Поскучнев, Бранкузи только посмотрел на него. И он увидел бы – если бы на его глазах не было пелены, а мысли не путались в другом месте – юного ирландца со свежим лицом, излучающего силу и уверенность, от которых воздух вокруг густел. Через мгновение, и Бранкузи знал это, Билл смутится, услышав сам себя, и постарается скрыть другую сторону своей натуры – выдающегося и чувствительного покровителя искусств, образец для подражания интеллектуалов из Театральной гильдии. Билл Мак-Чесни еще не определился между двумя ипостасями, такие редко определяются до тридцати.
– Возьми Эймса, возьми Хопкинса, возьми Харриса – возьми любого из них. – Голос Билла звучал решительно. – Что у них есть по сравнению со мной? В чем дело? Ты хочешь выпить? – Он поймал взгляд Бранкузи, который блуждал по кабинету, пока не уперся в противоположную стену.
– Я никогда не пью по утрам. Просто интересно, кто это продолжает стучать. Тебе нужно остановить это. У меня от этого начинается тик, это похоже на безумие.
Билл быстро подошел к двери и резко ее открыл.
– Здесь никого нет, – начал он. – Привет! Что вам нужно?
– Ох, мне так жаль, – ответил чей-то голос. – Мне ужасно неудобно. Я в таком волнении и совершенно забыла, что у меня этот карандаш в руке.
– Что вам угодно?
– Я хотела встретиться с вами, но служащий сказал, что вы заняты. У меня для вас письмо от Алана Роджерса, сценариста. И я хотела бы вручить его лично.
– Я занят, – сказал Билл. – Найдите мистера Кадорна.
– Я уже виделась с ним, и он не слишком-то впечатлился, и мистер Роджер сказал…
Бранкузи, беспокойно приблизившись, бросил на нее быстрый взгляд. Она была очень юной, с прекрасными рыжеватыми волосами, а лицо выдавало силу воли, которую не предполагала манера речи, до мистера Бранкузи не сразу дошло, что этим она была обязана городу Делани из Южной Каролины, откуда она была родом.
– Что же мне делать? – спросила она, тихо вложив свое будущее в руки Билла. – У меня есть письмо для мистера Роджерса, и он дал мне еще одно для вас.

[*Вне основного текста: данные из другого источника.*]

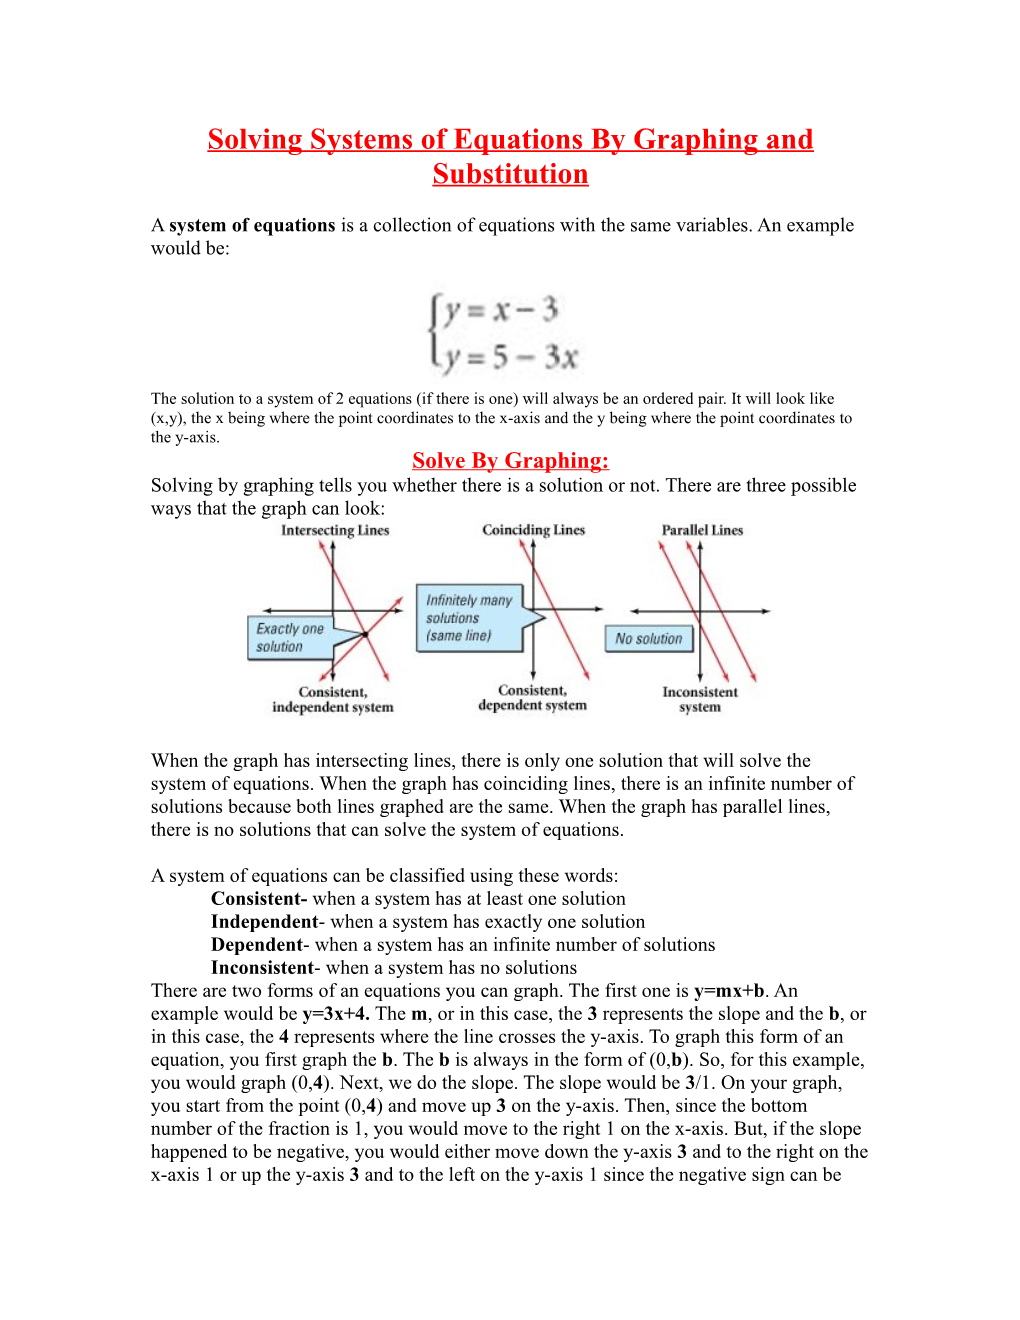 Solving Systems of Equations by Graphing and Substitution

– Ну хорошо, что же вы от меня хотите? Чтобы я женился на вас? – раздраженно ответил Билл.
– Я хочу получить роль в одной из ваших постановок.
– Тогда сядьте здесь и подождите. Я сейчас занят. Где мисс Кохалан? – Он позвонил в звонок, еще раз с раздражением взглянул на девушку и закрыл дверь своего кабинета. Но этот вынужденный перерыв совершил в нем перемену, он продолжил разговор с Бранкузи как человек, который по всем вопросам художественного будущего театра полностью солидарен с Рейнхардом.

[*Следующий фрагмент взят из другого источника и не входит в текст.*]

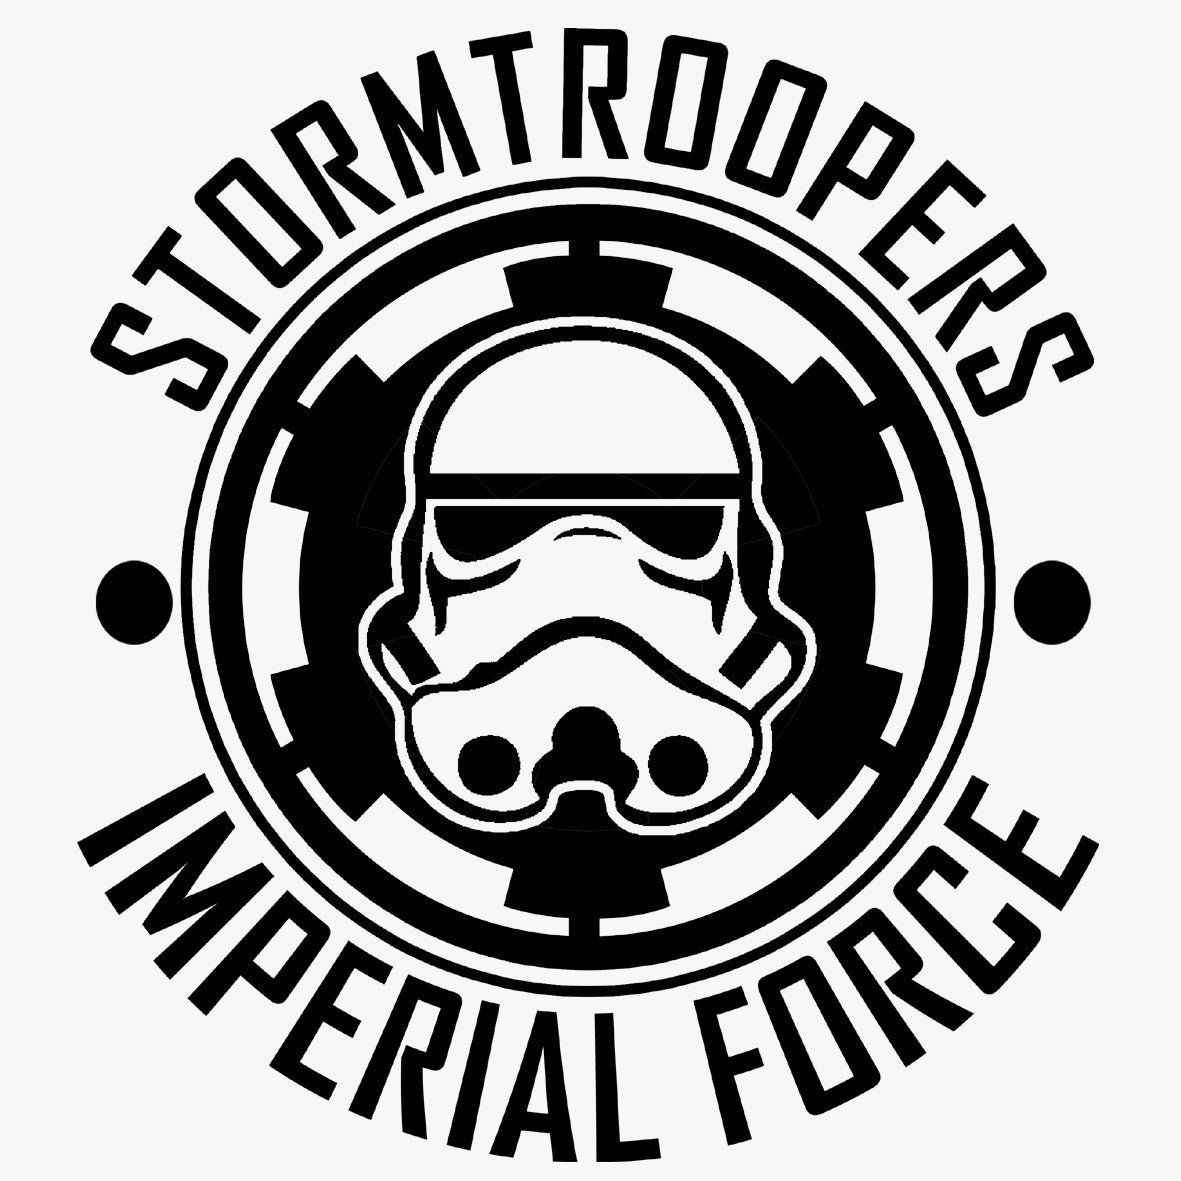 stormtroopers – CENTRAL T-SHIRTS

К половине первого он уже забыл обо всем, кроме намерения стать величайшим продюсером всех времен и народов, и именно об этом он должен поведать Солу Линкольну за ланчем. В спешке убегая, он вопросительно взглянул на мисс Кохалан.
– Мистер Линкольн не сможет встретиться с вами, – сказала она. – Он только что позвонил.
– Только что? – изумленно воскликнул Билл. – Так, хорошо. Вычеркни его из списка приглашенных на четверг.
Мисс Кохалан черканула на листе бумаги перед собой.
– Мистер Мак-Чесни, вы ведь не забыли про меня, правда?
Он резко обернулся к рыжеволосой девушке.
– Нет, – неопределенно произнес он, и затем обернулся к мисс Кохалан. – Все в порядке. Все равно отправьте ему приглашение на четверг.
Он не хотел обедать в одиночестве. Сейчас он вообще плохо переносил одиночество, потому что власть и известность делали общение с другими людьми по-настоящему забавным.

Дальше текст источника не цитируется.